隻有這樣,這個救命恩情才能繼續派上用場。

“如果你把救命之恩的真相告訴傅景衍,或者不幫我求情,那骨灰你就當成早就被我灑在了那個雨天的下水道裏好了。”

這是她第二次提到了骨灰。

溫冬心尖有些顫抖,“你真的沒把它扔進下水道?”

“沒有。”溫淺見溫冬神情微動,知道自己賭對了她的命門,講話開始變得重新趾高氣揚起來,甚至還輕鬆地聳聳肩,“如果你不信我也沒辦法。”

因為手握骨灰,她開始掌握主動權了。

溫冬見她如此自信,原本懷疑的心開始動搖,故意說了錯誤信息試探溫淺,“那一小罐骨灰你怎麽保存?”

溫淺卻糾正的很快,“不是罐,是一管骨灰。”

胎兒未成形,說是骨灰,實際上隻有那麽一丁點粉末似的東西,放在盛醫藥的管子裏連十分之一的體積都占不到。

但就那麽點連指甲蓋大小都比不上的東西,卻成了溫冬的命門!

隻要拿捏住溫冬,就相當於拿捏住了傅景衍。

溫淺看的分明,臉上笑容越來越大,“怎麽樣?這個情,你要不要幫我求?”

想到那個男人,溫冬的心一陣陣的發緊,“阿衍還生死未卜,你怎麽知道我一定有機會幫你求情?”

聽到這裏,溫淺的臉色也黯了一下,“他還沒醒?”

她以為傅景衍那麽強大,不會因為這一刀就失了性命。

所以從沒想過他不會醒來。

“沒。”溫冬搖頭,好似突然之間有些脫力一般坐到了地上,身上的白裙沾染了無數塵土,她都仿若未聞,“他還在做手術。”

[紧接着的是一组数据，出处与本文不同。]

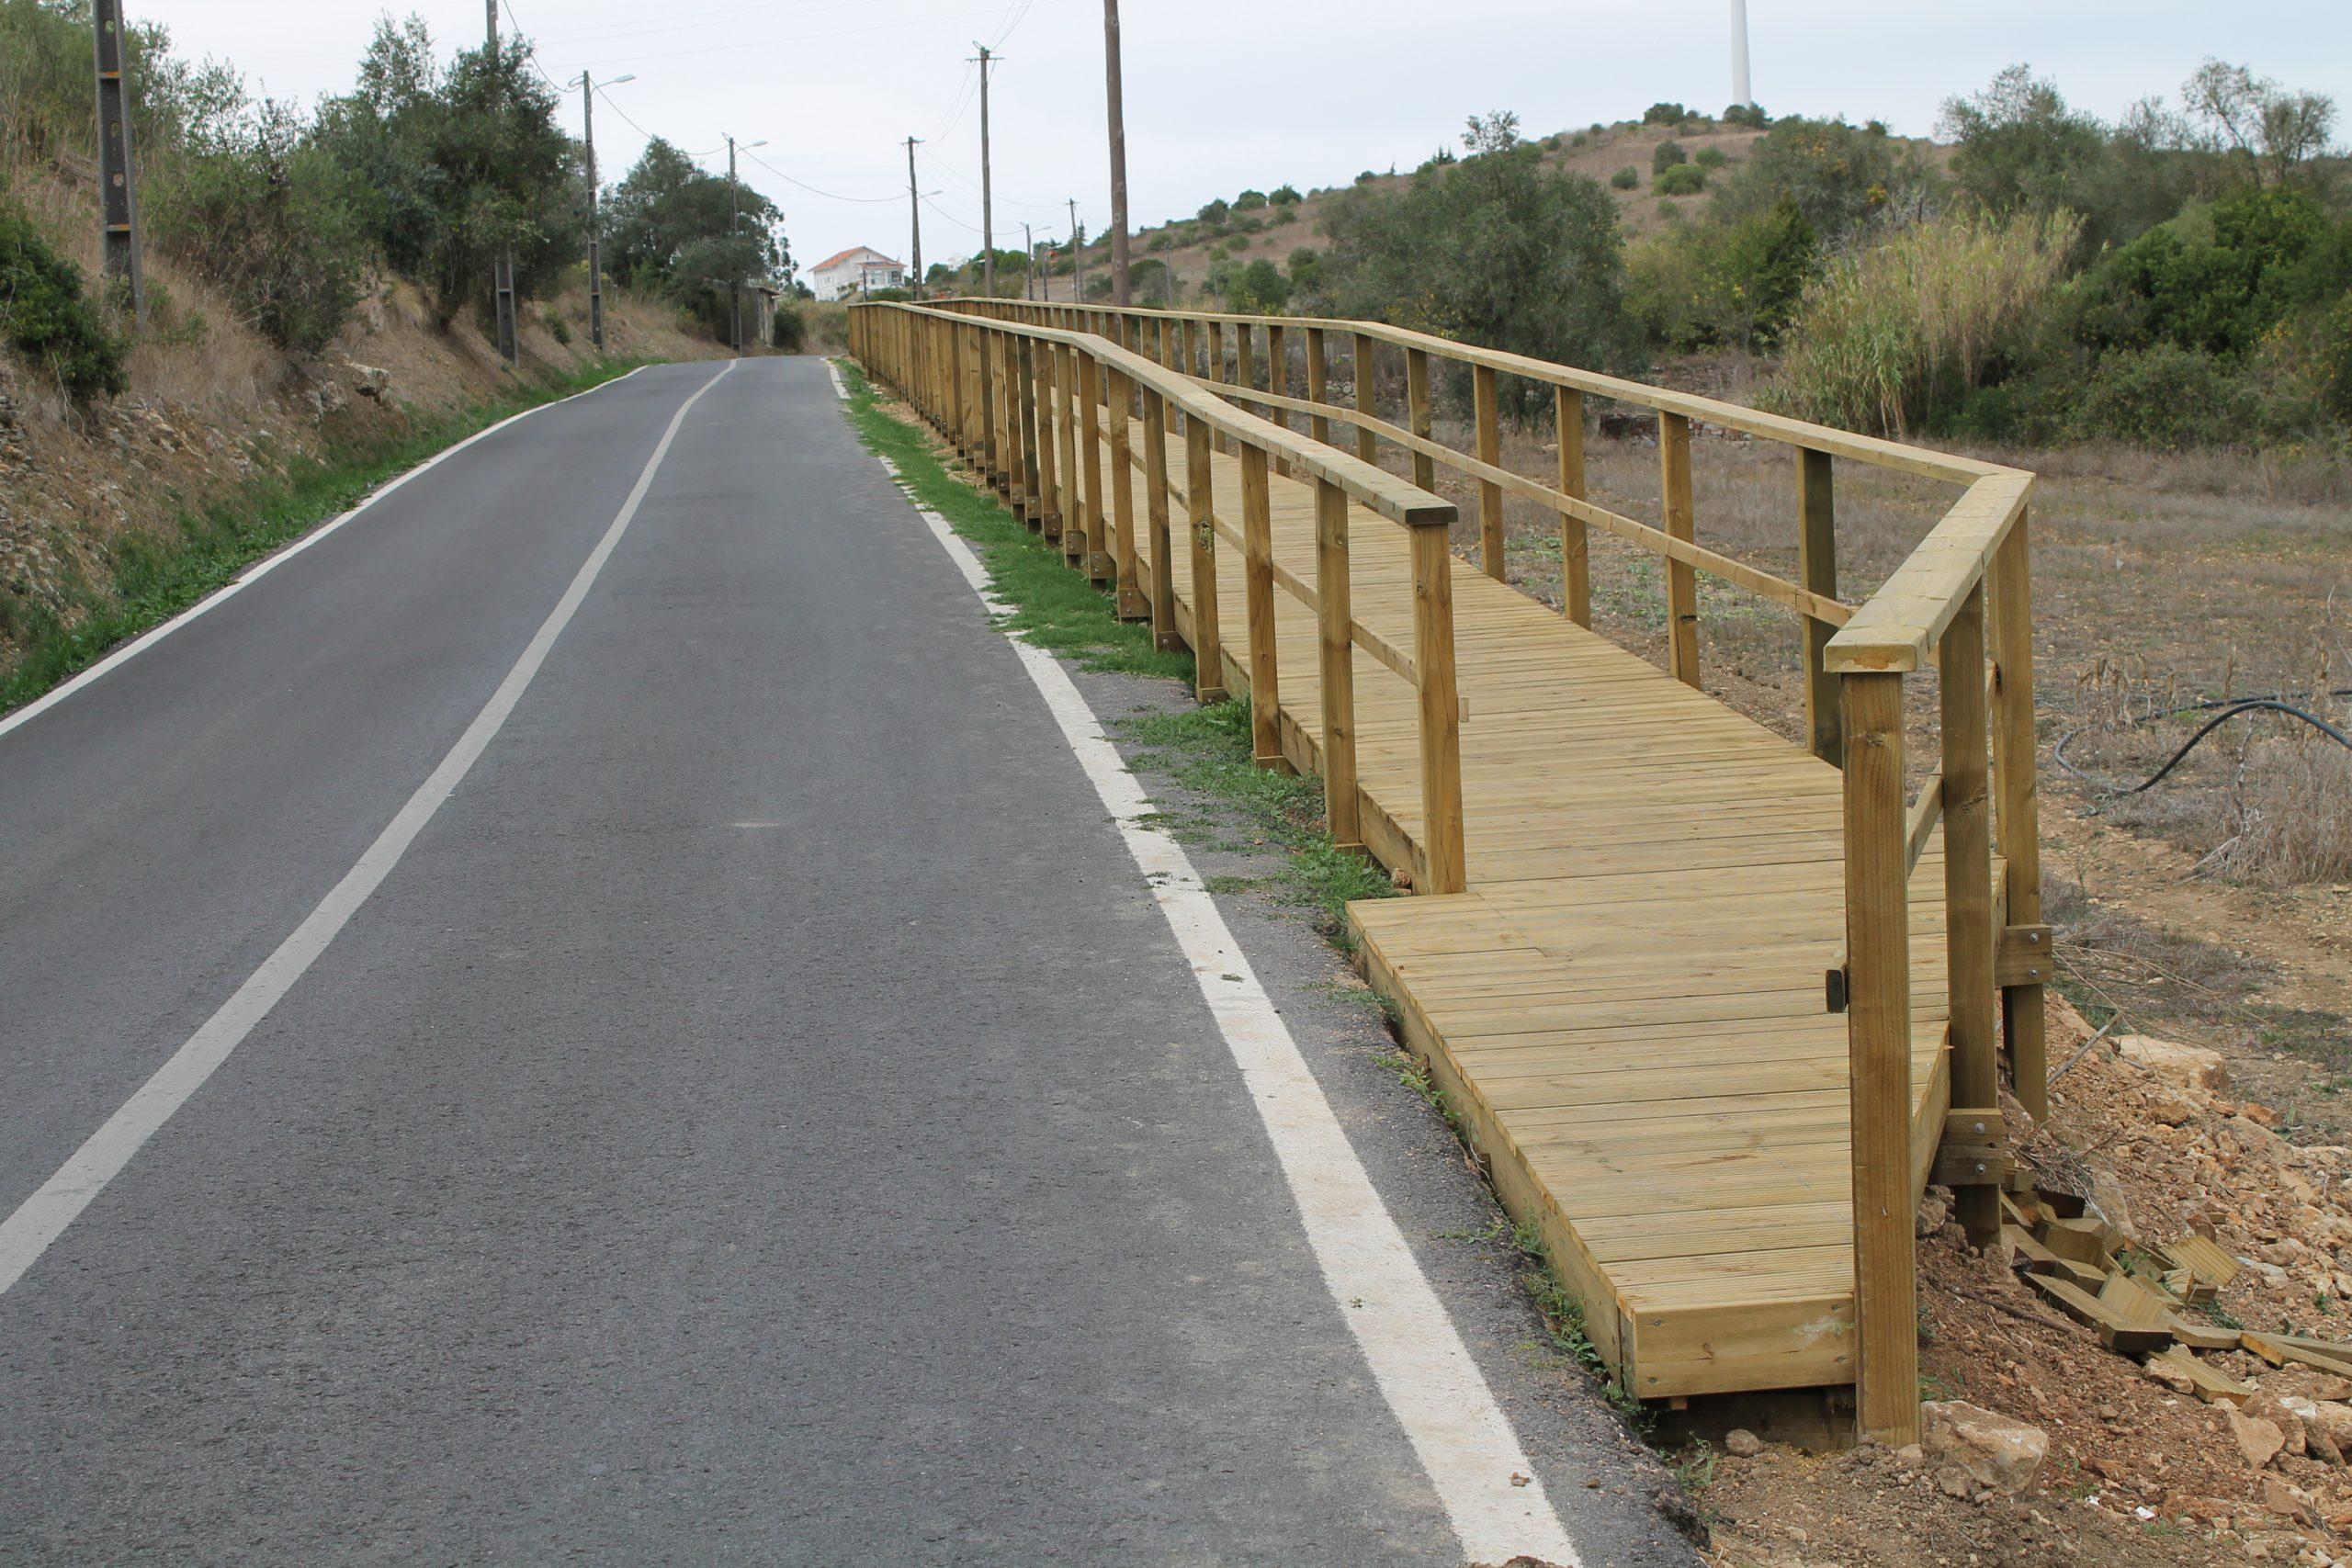 Fanhões (f) – Passadiço Av. Catarina Eufémia – Concluído em madeira um troço inicial de 120 metros, seguindo-se as próximas fases com materiais inertes!
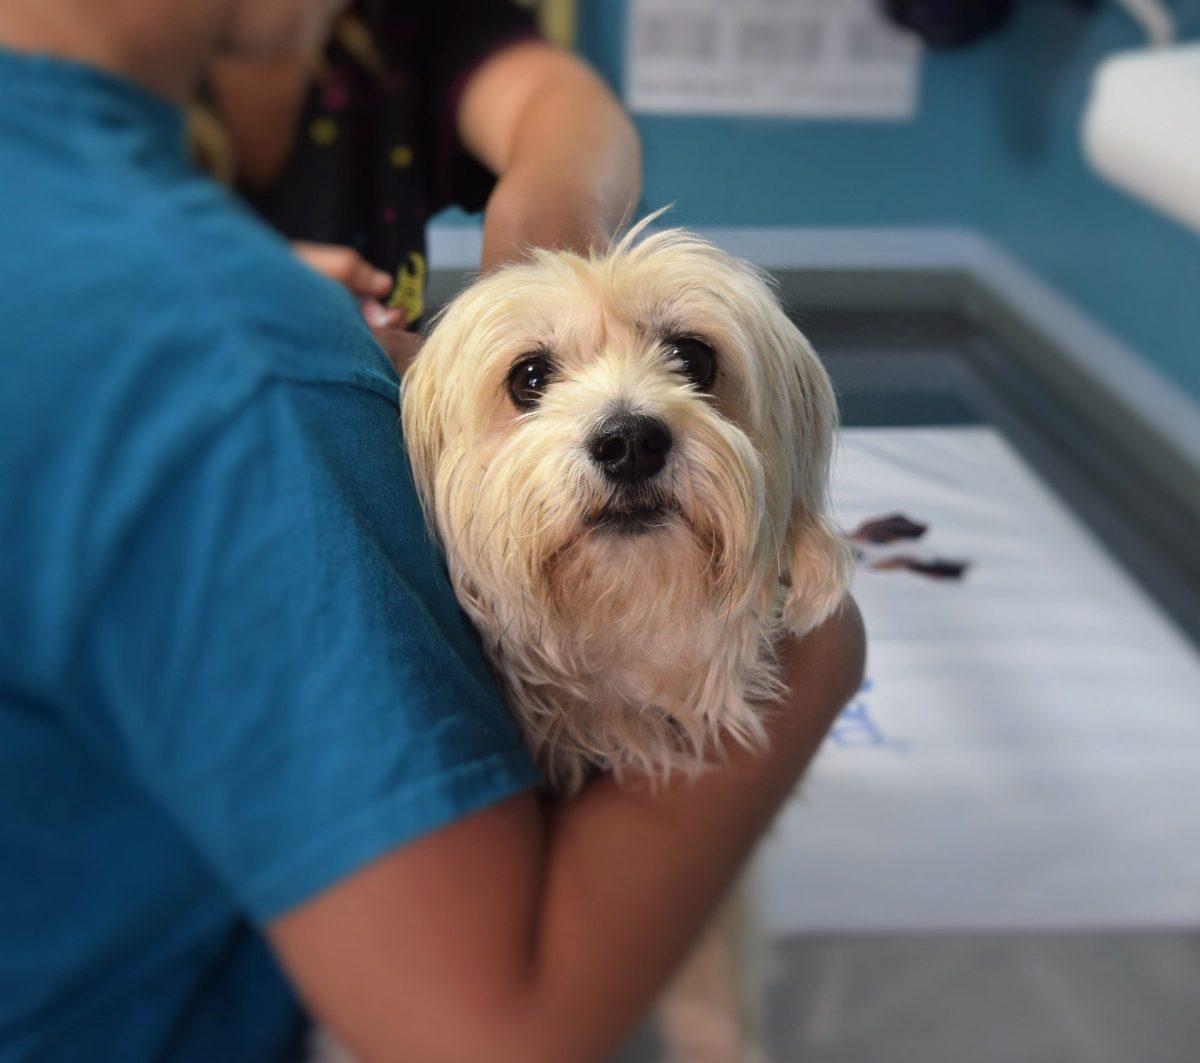 Ali nas morajo veterinarji obveščati o roku za cepljenje proti steklini?

“他不會死的!”溫淺這次堅定的很,“他一定不會死!”

就算死,他也不能死在她手裏!

不然,她還怎麽能有活路!

溫冬以為溫淺多少對傅景衍有感情,所以才不肯接受事實,“生死的事情你我說了不算。”

“算!怎麽不算!”溫淺道,“他死了,我肯定要坐牢,我不要坐牢!我不要坐牢!”

原來為的,還是自己。

這個女人沒救了。

溫冬看著她,眼中閃過一抹憐憫,“溫淺,你到底知不知道什麽是愛?”

“你別和我弄那些虛的!”溫淺被激怒了,“傅景衍以前對我那麽好,所有人都說他愛我!就連我自己,也以為他愛我!

我以為對我好,願意娶我就是愛,可實際上呢?

什麽都不是!

他根本就不愛我!

甚至就因為兩個小野種,就因為我給你下了那麽一點藥,就要拿走我的生育能力!”

她笑的淒慘,抬頭看向溫冬,眼中再次盛滿怒氣,“看我不能生育,你很得意吧?!”

溫冬心中一凜,“你說……傅景衍剝奪了你的生育能力?!”

“對!”溫淺想到那件事,心中就委屈和憤怒交加,“我給你下成功的藥根本就沒有那麽大劑量,可他卻把我給陳伯的所有藥粉全都讓人一次性灌進了我的肚子裏!”

然後……

她就流了好多血。

第二天連通知都沒通知,醫生就摘除了她孕育寶寶的器官!

美名其曰,是為了救她的命。

救她?!

如果是救她?!

她以後再也不能生育了!

帝都之大,任何一家豪門世家都不會要一個不能生育的女人!

所以她就隻能更加賴上傅景衍。

更想成為傅太太。

和溫淺的對話信息量太大,溫冬再次回不過神似的,喃喃地看著她,“這……這怎麽可能……”

在傅景衍的心裏,溫淺對他還有救命之恩。

他重情義,重恩情,又和溫淺相識這麽多年,卻能為了寶寶,做到這個地步……

她竟然又一次誤會了他!

以為那件事發生後,傅景衍什麽都沒做。

“真是搞笑。”一直到他生死未卜的今天,那些被誤會的曾經才以一種她渾然不知的麵貌展示在她眼前,令她心神巨震!

她越發覺得,自己錯過了太多。

可現在……

她抬頭看向溫淺,沒有再拿起那把刺穿過傅景衍的匕首,忍住心裏一陣陣的疼,對溫淺道,“如果你的要求我答應,你就能把骨灰還給我?”

“能。”溫淺說的篤定,“我留著它又沒用,還晦氣。”

啪!

溫冬又給了她一巴掌。

雖然不能親手殺了她,甚至還要為這個喪心病狂的女人去給她生死未卜的心上人求情,但此刻,溫冬依然不想輕饒了她。

啪啪!

又是連著好幾掌。

她看向溫淺,“如果阿衍可以醒來,我可以替你求情,但你最好說到做到!”

她絕對不能讓寶寶們的骨灰在這種女人的手裏。

“但如果阿衍醒不過來……”

如果他醒不過來,她也沒有牽掛了。

那骨灰就不要也罷。

因為她會和傅景衍一起,去地下陪著他們的寶寶!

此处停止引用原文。